The Role of Whistleblowers at the Department of Veterans Affairs
Whistleblowers at the VA risk their careers every time they speak truth to power to help those who put their lives on the line to support and defend the Constitution of the United States. VA whistleblowers are heroes serving heroes.
Disclosures by VA whistleblowers have, for instance, saved patients’ lives by bringing to light barriers to timely and effective medical care due to negligence or intentional misconduct, exposed officials who had perpetuated a culture of abuse for decades,1 and freed up taxpayer dollars that were being misused and could instead go toward providing resources and care.
We’ve seen firsthand the profound and immediate impact whistleblower disclosures can have on the quality of care at the VA. Many are familiar with the wait lists at Arizona’s Phoenix VA Health Care System, which were brought to light by VA whistleblowers in 2014. While the system’s computer records falsely indicated that veterans were getting timely medical appointments, a secondary, accurate wait list reflected the prolonged wait times the veterans were experiencing. That secondary list showed that approximately 1,400 veterans were waiting months to meet with a doctor. At least 40 veterans died waiting for care.2 Unfortunately, this misconduct is not an isolated incident. Complaints of inaccurate VA wait lists can be traced back over a decade and all over the country,3 and even after the Phoenix scandal, the abuse persisted. Secret wait lists for care were found in Omaha in 20174 and alleged nationwide in 2019.5 Whistleblowers were essential in bringing those abuses to light.
After the 2014 Phoenix VA scandal, POGO teamed up with Iraq and Afghanistan Veterans of America to encourage more VA whistleblowers to share with us their inside perspective and to help us better understand the issues the department was facing.
In POGO’s 40-year history, we have never received as many submissions from a single agency. Nearly 800 current and former VA employees and veterans contacted us. We received credible submissions from 35 states and the District of Columbia.6 A recurring and fundamental theme became clear: VA employees across the country feared they would face retaliation if they dared to raise a dissenting voice to the department.
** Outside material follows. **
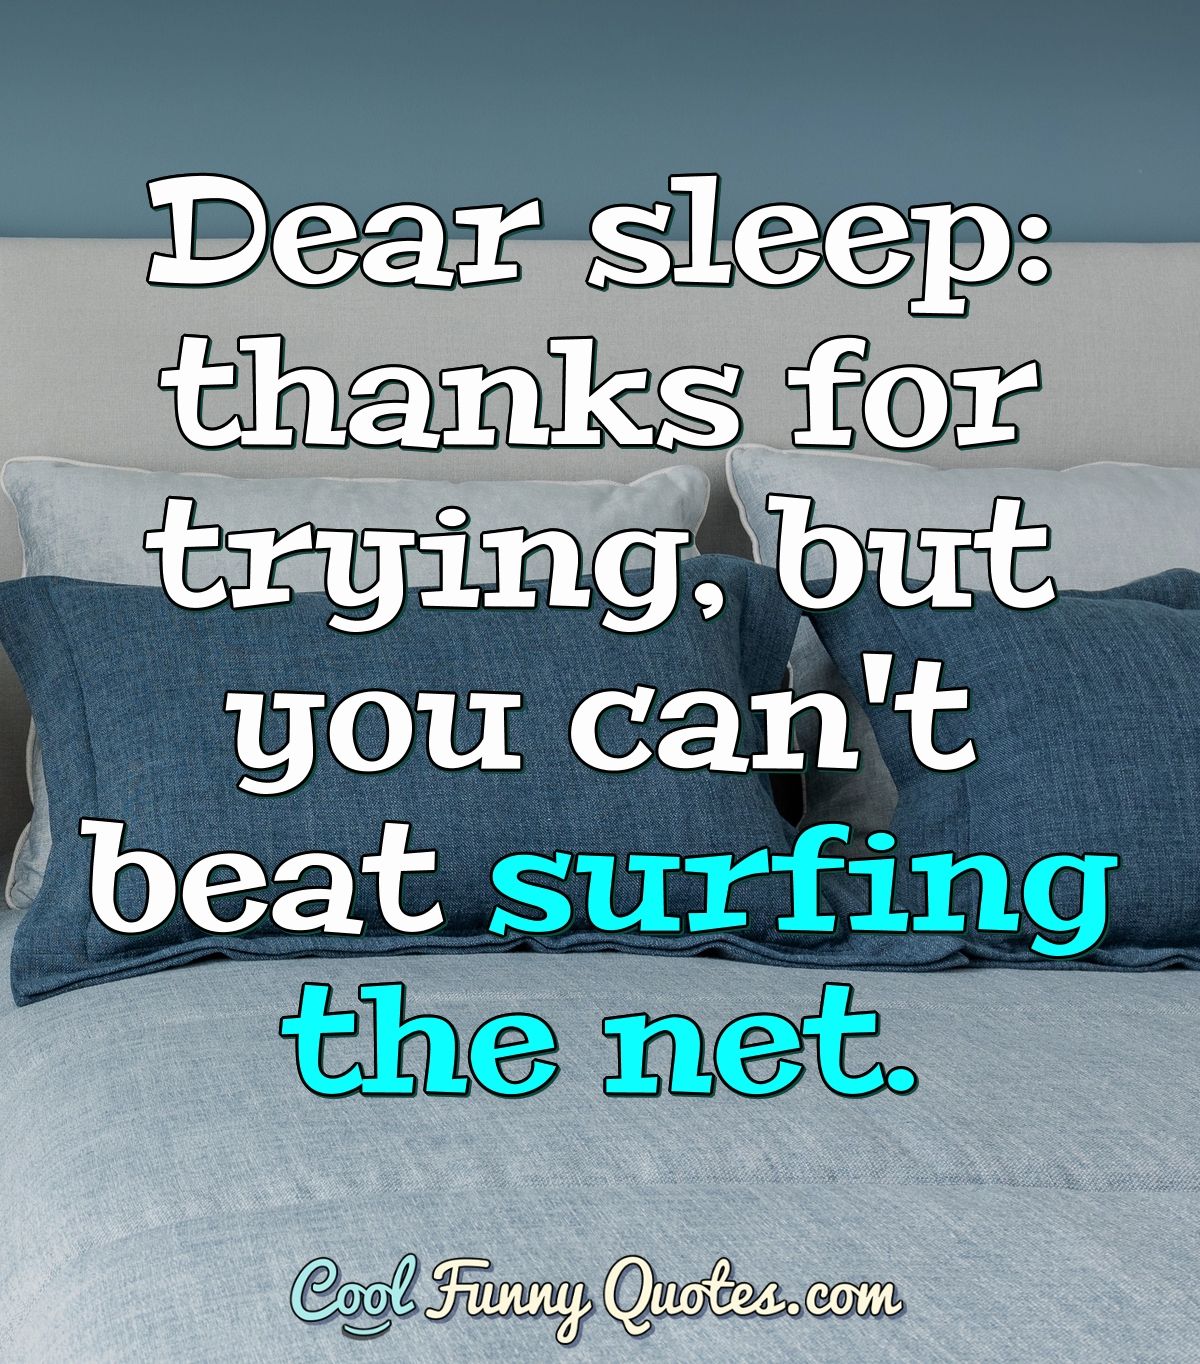 Dear sleep: thanks for trying, but you can't beat surfing the net.

Technically, most whistleblowers are legally protected. Still, they often face retaliation, and because it is so rampant, maintaining anonymity is one of the best ways for whistleblowers to protect themselves from professional and personal retaliation. Congress created the VA’s Office of Accountability and Whistleblower Protection in an attempt to aid department whistleblowers in their efforts to hold the department to account. However, it appears that the office is not doing its job well in that regard.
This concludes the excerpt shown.